··· Excerpted records ···

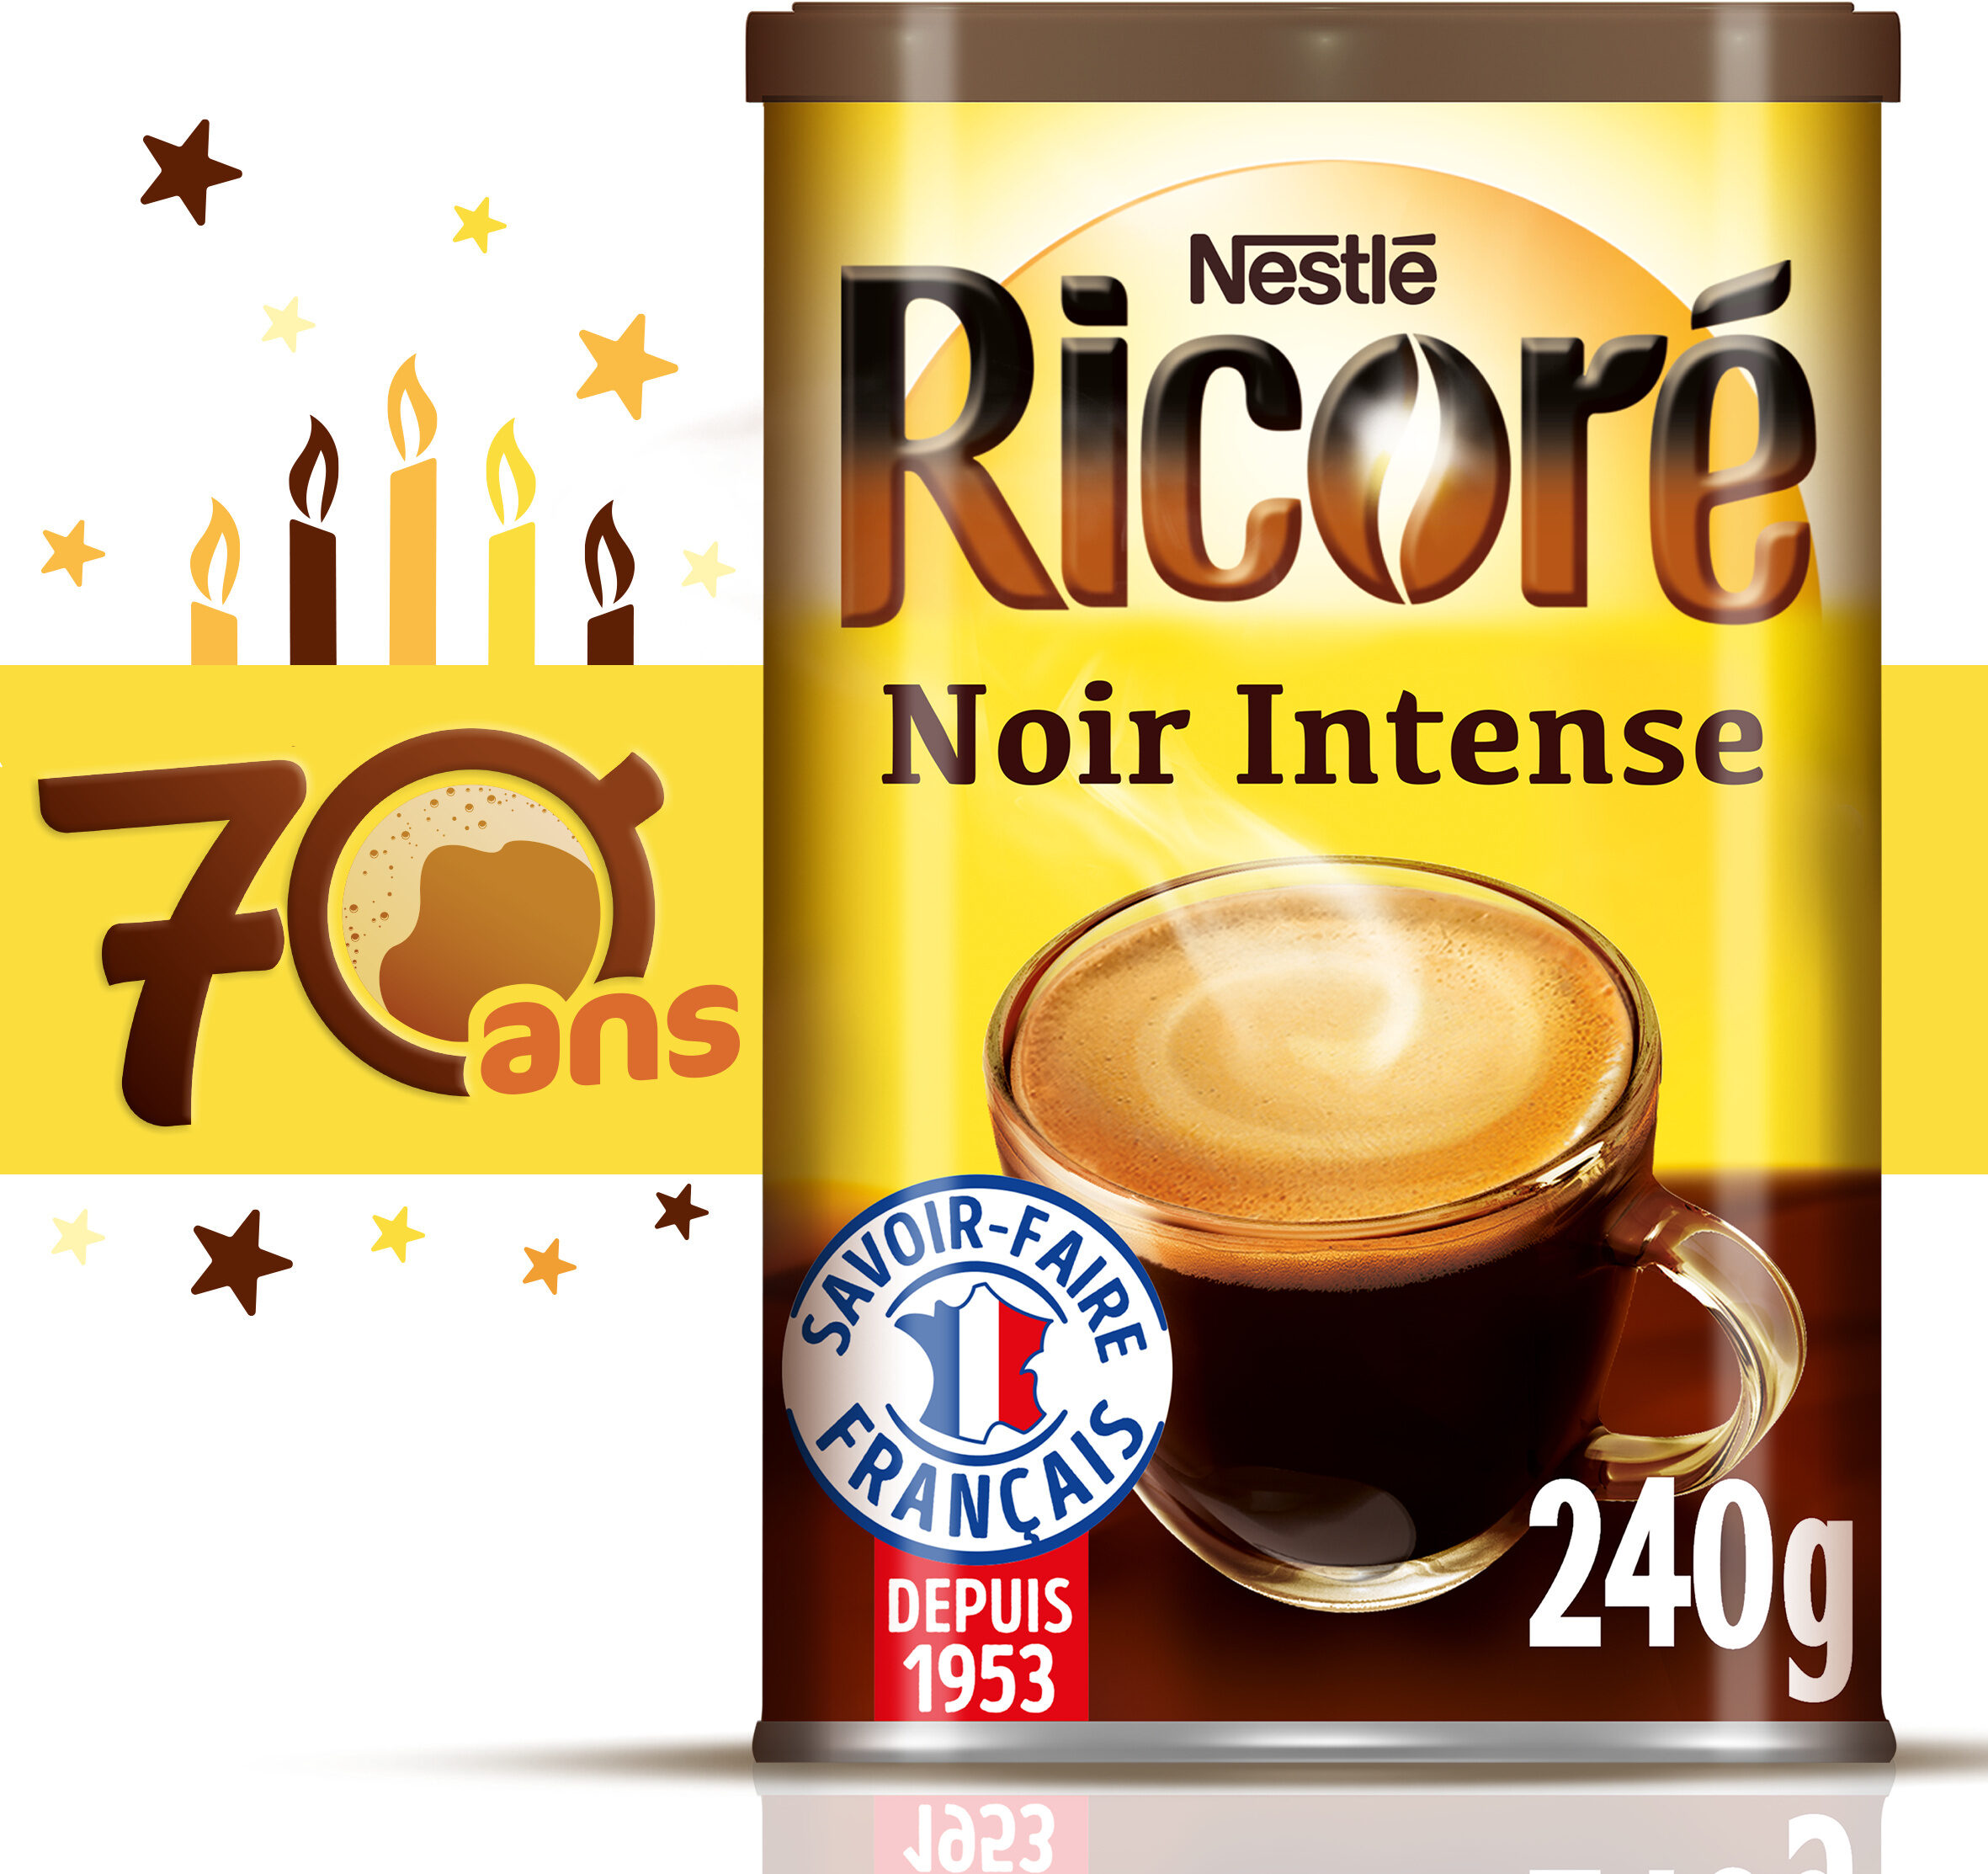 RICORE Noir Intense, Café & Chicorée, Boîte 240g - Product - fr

···
··· Excerpted records ···

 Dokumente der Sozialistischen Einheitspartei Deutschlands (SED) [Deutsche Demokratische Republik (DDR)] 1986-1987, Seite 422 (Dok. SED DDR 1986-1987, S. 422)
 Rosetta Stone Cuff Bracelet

···

Everything above from the line containing "Dokumente der Sozialistischen" down to the line containing "Rosetta Stone Cuff Bracelet" is to be transcribed exactly, with both of those lines included and nothing else added.

* Result of the exercise *
 Dokumente der Sozialistischen Einheitspartei Deutschlands (SED) [Deutsche Demokratische Republik (DDR)] 1986-1987, Seite 422 (Dok. SED DDR 1986-1987, S. 422)
 Rosetta Stone Cuff Bracelet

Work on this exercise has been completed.